To restate the main point of this section: people often talk about a language being interpreted, compiled, or a hybrid, but the reality is that there are often lots of different ways to run a program no matter what language it’s written in, and different types of programs might perform better when run with different techniques.
Having said all that, I’d feel guilty if I didn’t admit that much of what I’ve said here about interpreters is a simplification. Pure interpretation is rare. What the standard interpreters for Python and Ruby (and other languages) actually do is not translate and execute a line at a time, as I claim above, but instead to do something similar to how Java works: they compile the source code into an intermediate, non-human-readable language, and then interpret that. And to confuse matters further, when they interpret the intermediate language, they often use JIT compilation! But computer programmers usually describe Python, Ruby, and their ilk as interpreted languages despite this technical wrinkle. This is because they act like interpreted languages to the end user: the initial compilation process happens automatically when you run a program in one of those languages, and it’s so fast that it’s essentially unnoticeable.
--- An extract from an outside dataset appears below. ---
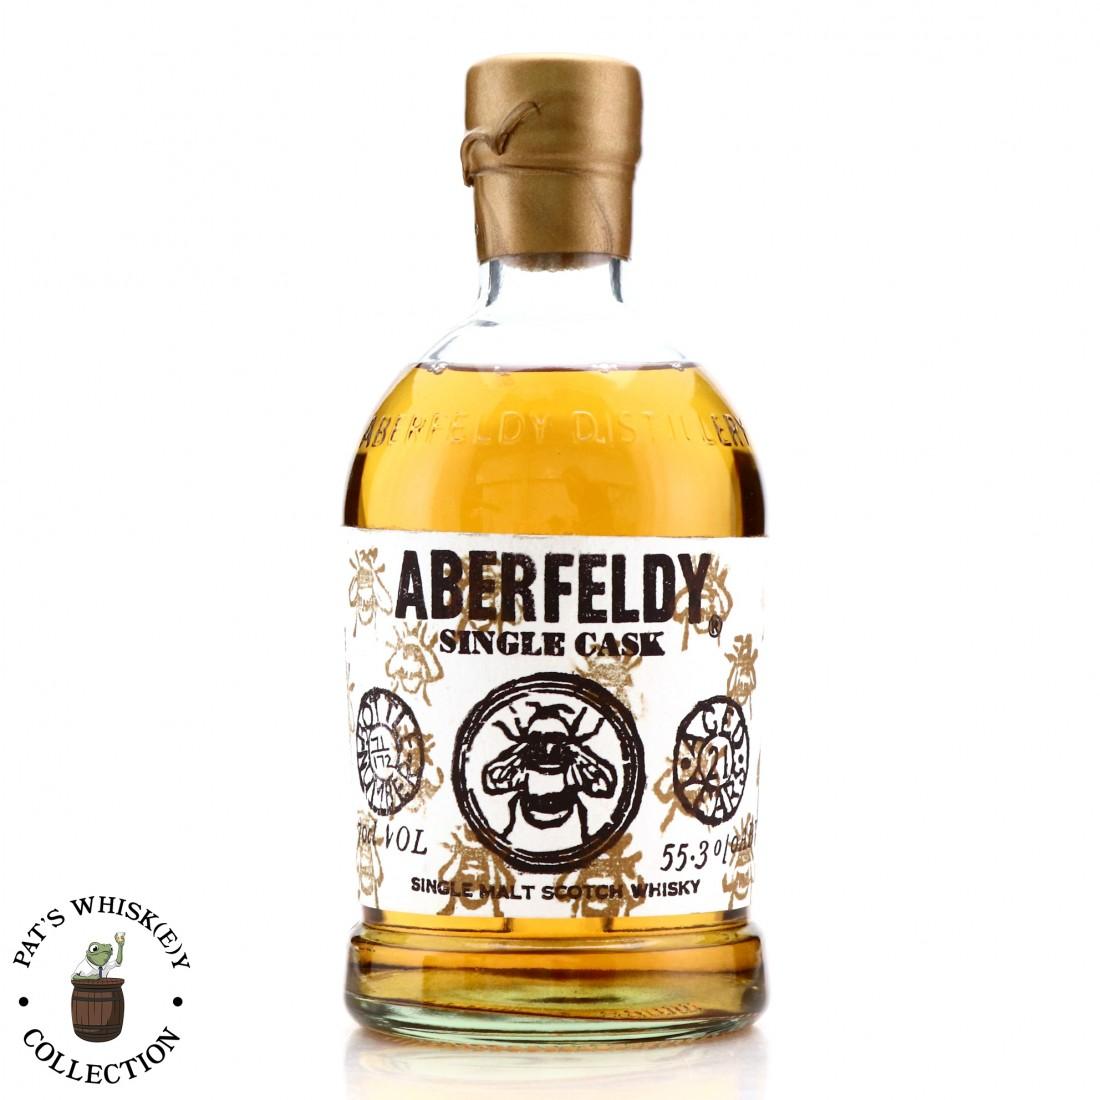 Aberfeldy 21 Year Old Single Cask / Aberfeldy Festival 2012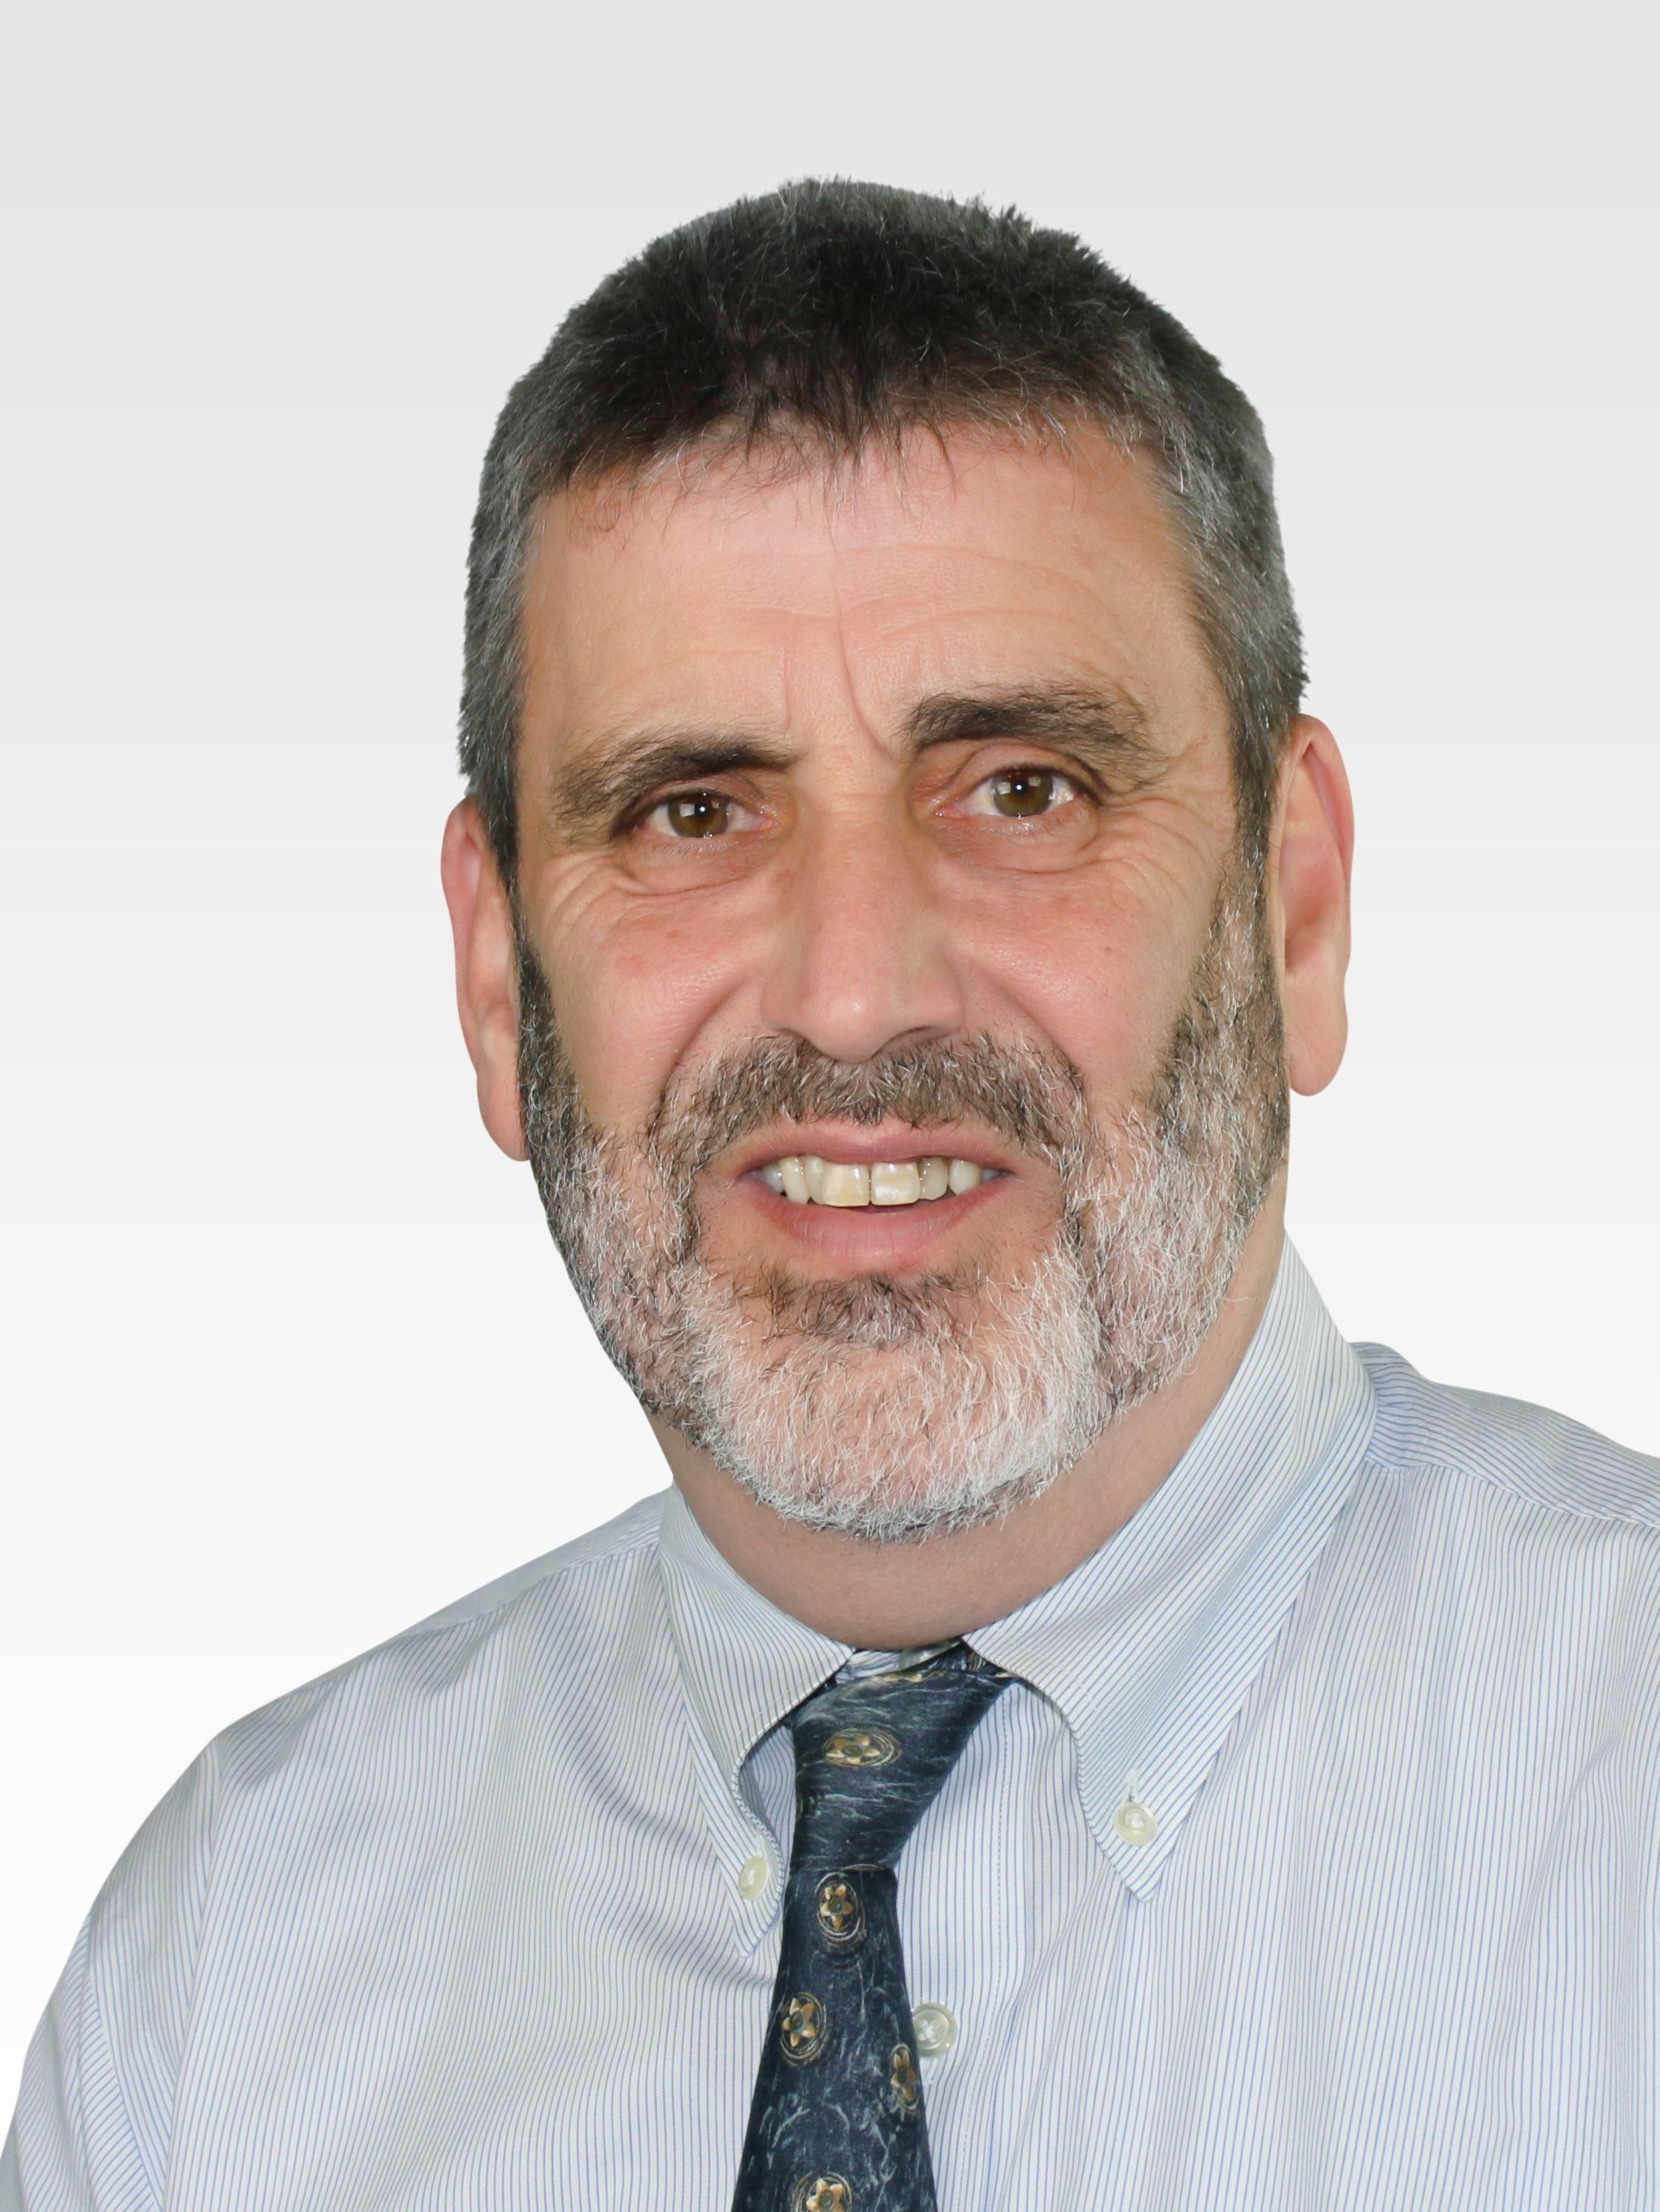 Kenneth Hoch

All else being equal, interpreted languages are easiest to get started with. Quick turnaround time between making changes to the code and seeing that code execute encourages experimentation. Snce beginners run their programs frequently as they learn and debug, the short startup time of interpreted languages reduces frustration and annoyance.
Having said that, if there are reasons to get started on a compiled language like C or a hybrid language like Java, go for it! Don’t let the minor inconvenience of compiling scare you off. You’ll spend far more time learning how to write correct, idiomatic code in C or any other language than you’ll spend on running its compiler.
We covered a lot of territory in this post. Let’s recap the highlights.
I should point out that there are exceptions to almost every claim in this post. For example, there are probably exotic, special-purpose computers in research labs whose machine code actually is a high-level language like Lisp or C, meaning that you could run programs written in those languages without either compiling or interpreting them. But for a beginning programmer, this should provide a true-enough picture of the different ways that computers run programs.